Time series/ sequential data study group

Wow, this is really interesting! Thanks for sharing @hwasiti!

I’d have some comments/ questions on this:

  • Are you using a public dataset or proprietary data?
  • What level of performance (accuracy?) do you get with this approach?
  • Have you compared this approach (time series to image transformation) to the more standard time series as array approach (using FCN, ResNet, etc)?
  • Which of the images above do you use as input into the nn?

Absolutely! I missed this approach which I think makes a lot of sense. I’ll add it to my previous response for completion and will create a link to your post. Thanks for adding this alternative!

Hi @fuelnow,
I have not used the time series to image approach for forecasting, but think it should also work.
I don’t know if anybody else has tested it, but it’ll be great if you try it and share your experience!

yeah, i can post some of my findings here! Has anyone received this error while using the pyts package (specifically MarkovTransitionField) before?
/usr/local/lib/python3.6/dist-packages/pyts/preprocessing/discretizer.py:148: UserWarning: Some quantiles are equal.
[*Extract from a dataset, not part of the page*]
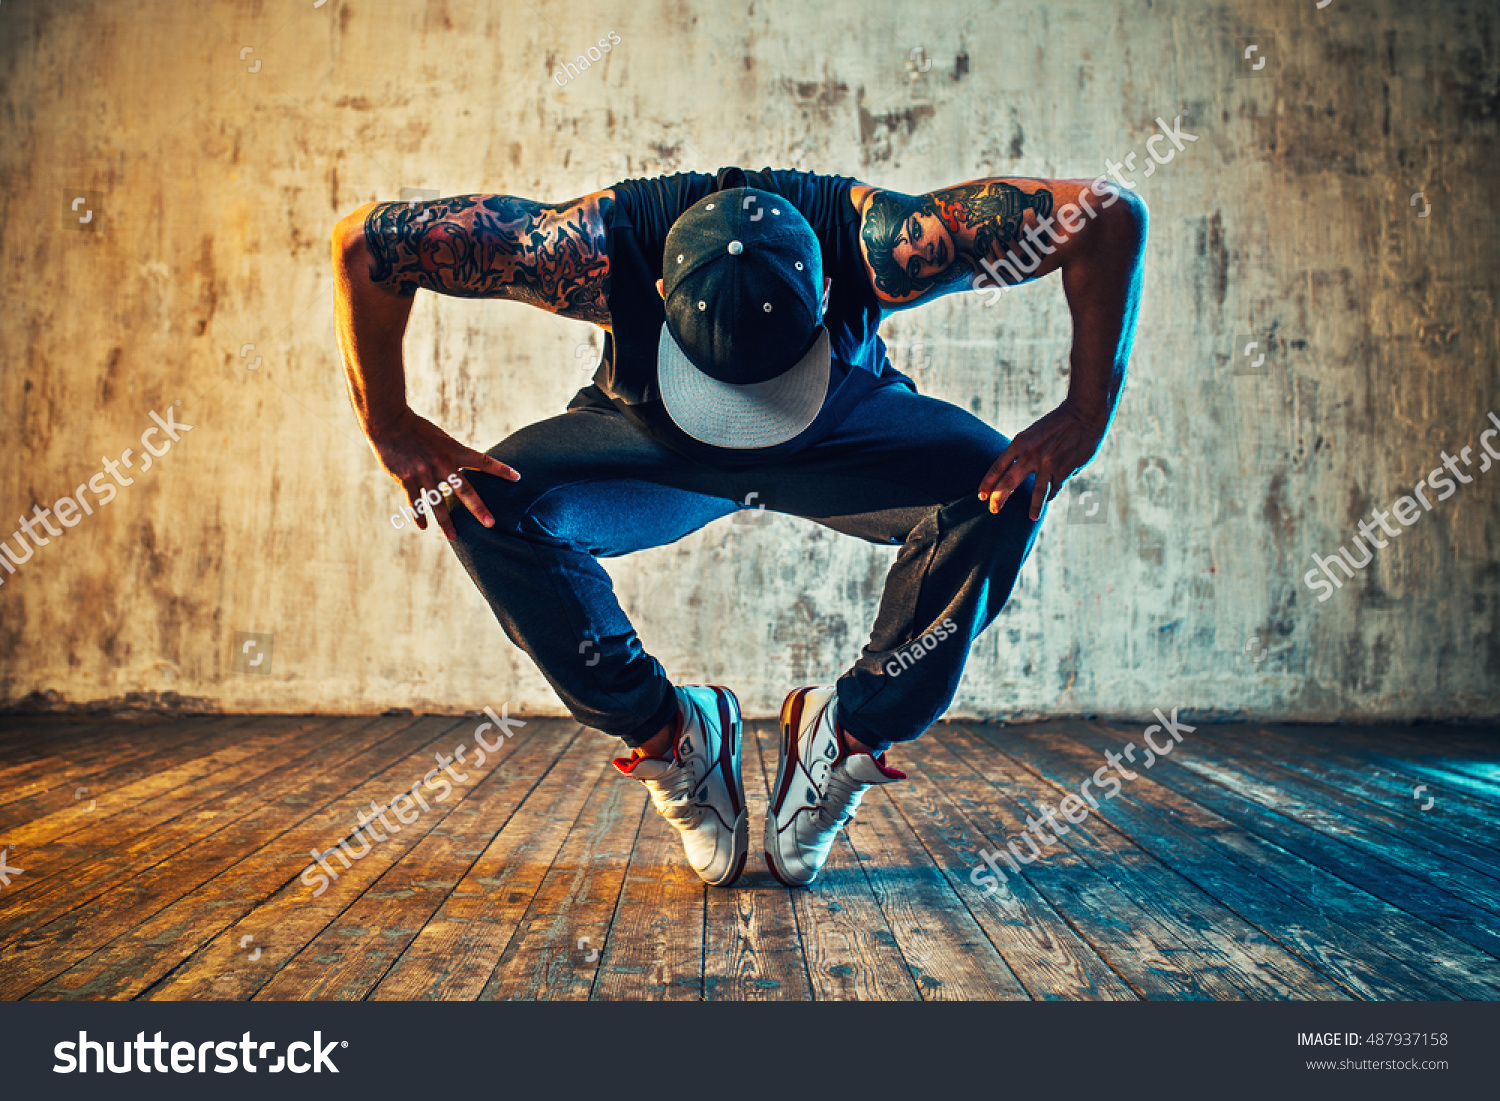 Young man break dancing on wall background. Blue and yellow colors tint. Tattoo on body. #487937158
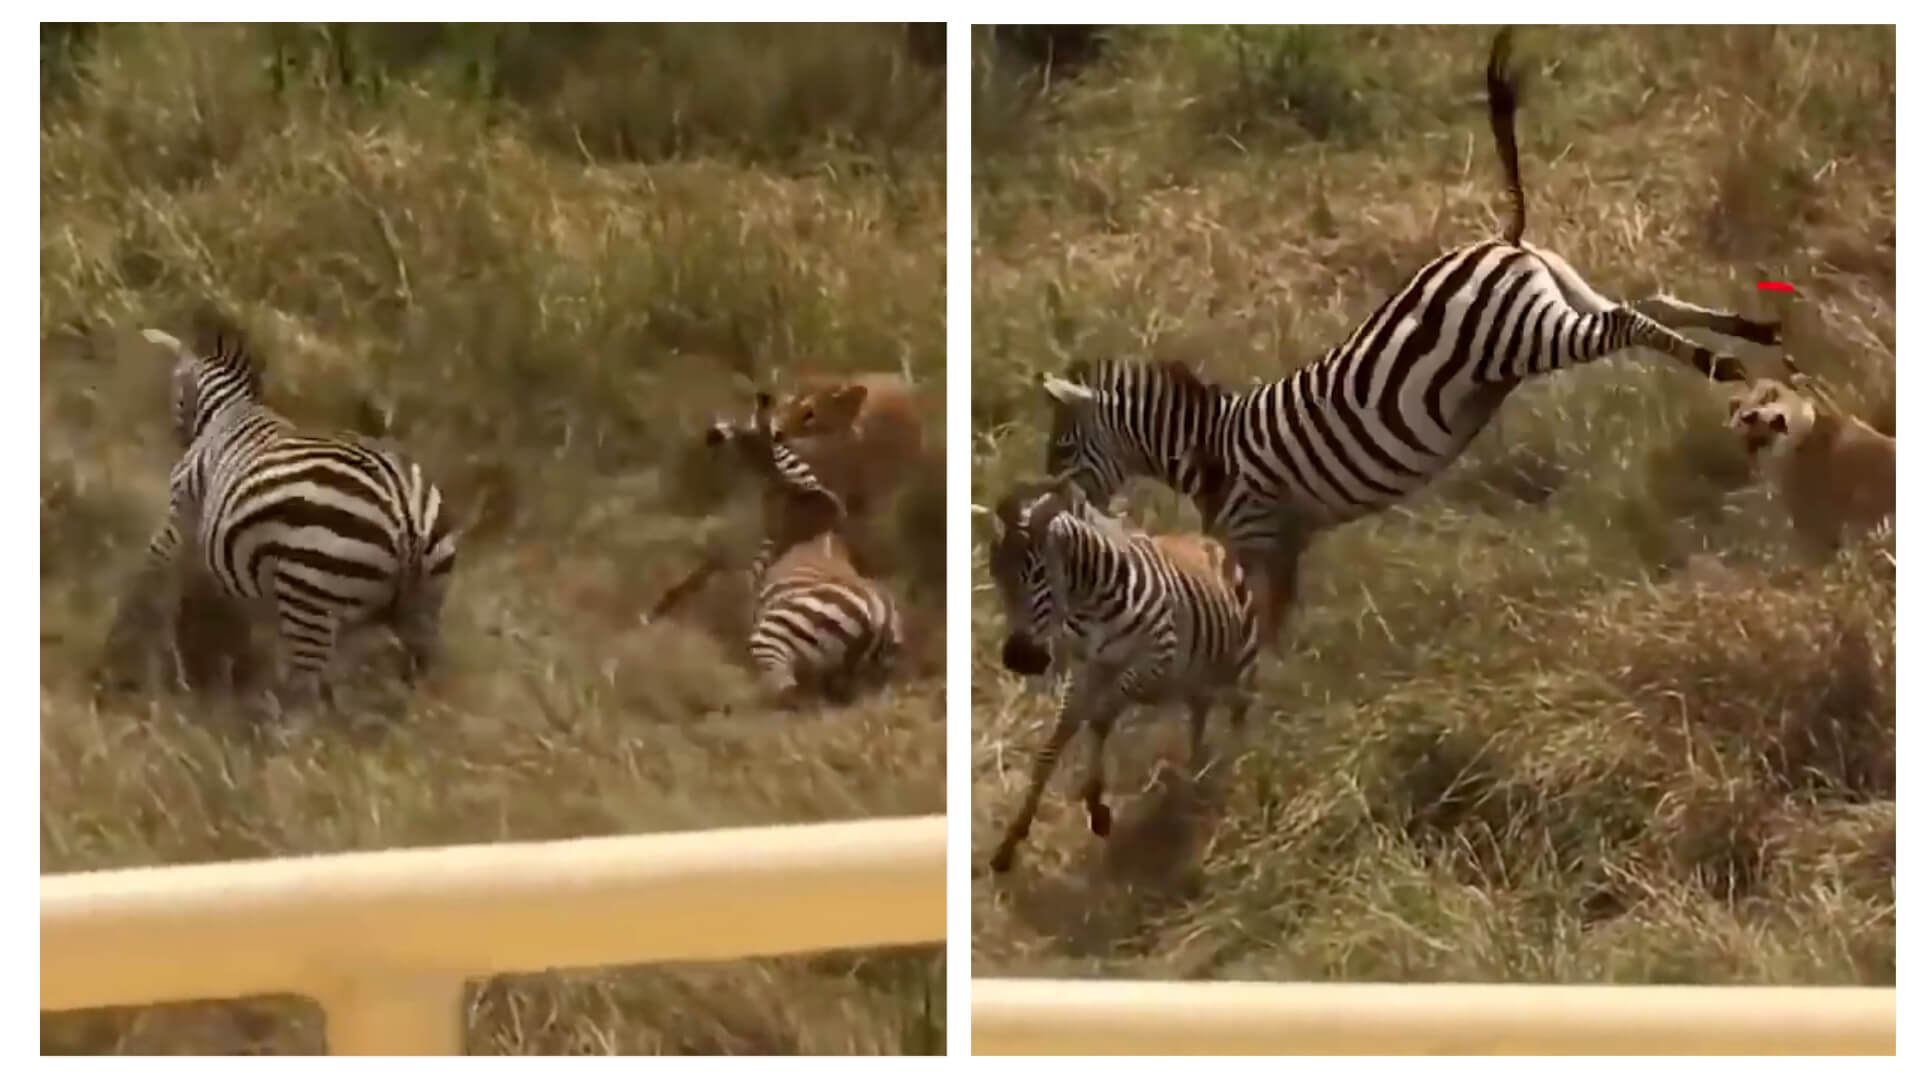 Watch: Courageous Zebra Delivers Powerful Kick To Lion To Save Her Friend From Death

The number of bins will be smaller for sample [ 0 2 6 9 10 14 17 18 22 30 31 35 42 44
50 52 54 56 58 59 61 63 66 70 78 79 80 82
85 89 97 99 100 101 102 107 109 111 113 114 115 119
125 128 132 135 141 143 147 152 154 161 164 166 170 183
193 195 197 198 211 213 220 225 228 230 234 242 247 251
252 259 260 261 263 264 275 277 284 285 287 300 305 310
313 326 328 329 330 331 332 333 337 340 348 349 351 352
353 358 361 363 364 374 377 378 379 387 390 393 401 405
406 407 408 409 410 413 414 419 423 424 426 428 433 439
442 446 447 449 450 455 456 461 463 465 469 475 478 483
490 491 492 495 500 505 506 511 514 515 522 532 534 535
544 547 548 550 553 564 566 567 569 574 577 579 583 585
590 594 596 597 598 602 603 610 611 613 615 616 618 619
620 626 629 633 644 645 646 648 650 651 652 659 661 665
667 668 670 676 679 681 684 688 690 691 695 716 718 719
721 725 739 740 744 750 753 754 757 760 763 765 770 771
777 778 780 784 790 791 794 800 805 808 809 810 813 818
838 846 854 855 860 863 871 872 874 884 886 889 893 896
903 906 909 911 917 922 928 929 930 932 938 940 946 951
953 954 955 957 961 962 965 966 972 975 976 978 981 983
984 988 992 999 1000 1002 1005 1009 1010 1011 1012 1014 1020 1028
1032 1036 1042 1043 1046 1047 1051 1060 1066 1073 1074 1075 1090 1098
1103 1106 1107 1108 1113 1114 1118 1121 1125 1134 1140 1141 1144 1145
1146 1152 1153 1154 1158 1160 1166 1167 1170 1171 1172 1173 1174 1179
1181 1187 1192 1198 1202 1207 1211 1212 1222 1223 1229 1233 1236 1247
1249 1251 1253 1259 1261 1265 1266 1273 1277 1281 1285 1287 1291 1293
1298 1299 1306 1313 1315 1316 1320 1333 1336 1338 1342 1345 1347 1351
1355 1358 1359 1362 1369 1371 1372 1376 1377 1378 1385 1386 1390 1393
1395 1398 1399 1400 1401 1404 1405 1409 1415 1418 1423 1424 1425 1429
1434 1437 1438 1444 1456 1458 1462 1464 1466 1467 1471 1473 1476 1481
1485 1486 1487 1495 1497]. Consider decreasing the number of bins or removing these samples.
“of bins or removing these samples.”.format(samples))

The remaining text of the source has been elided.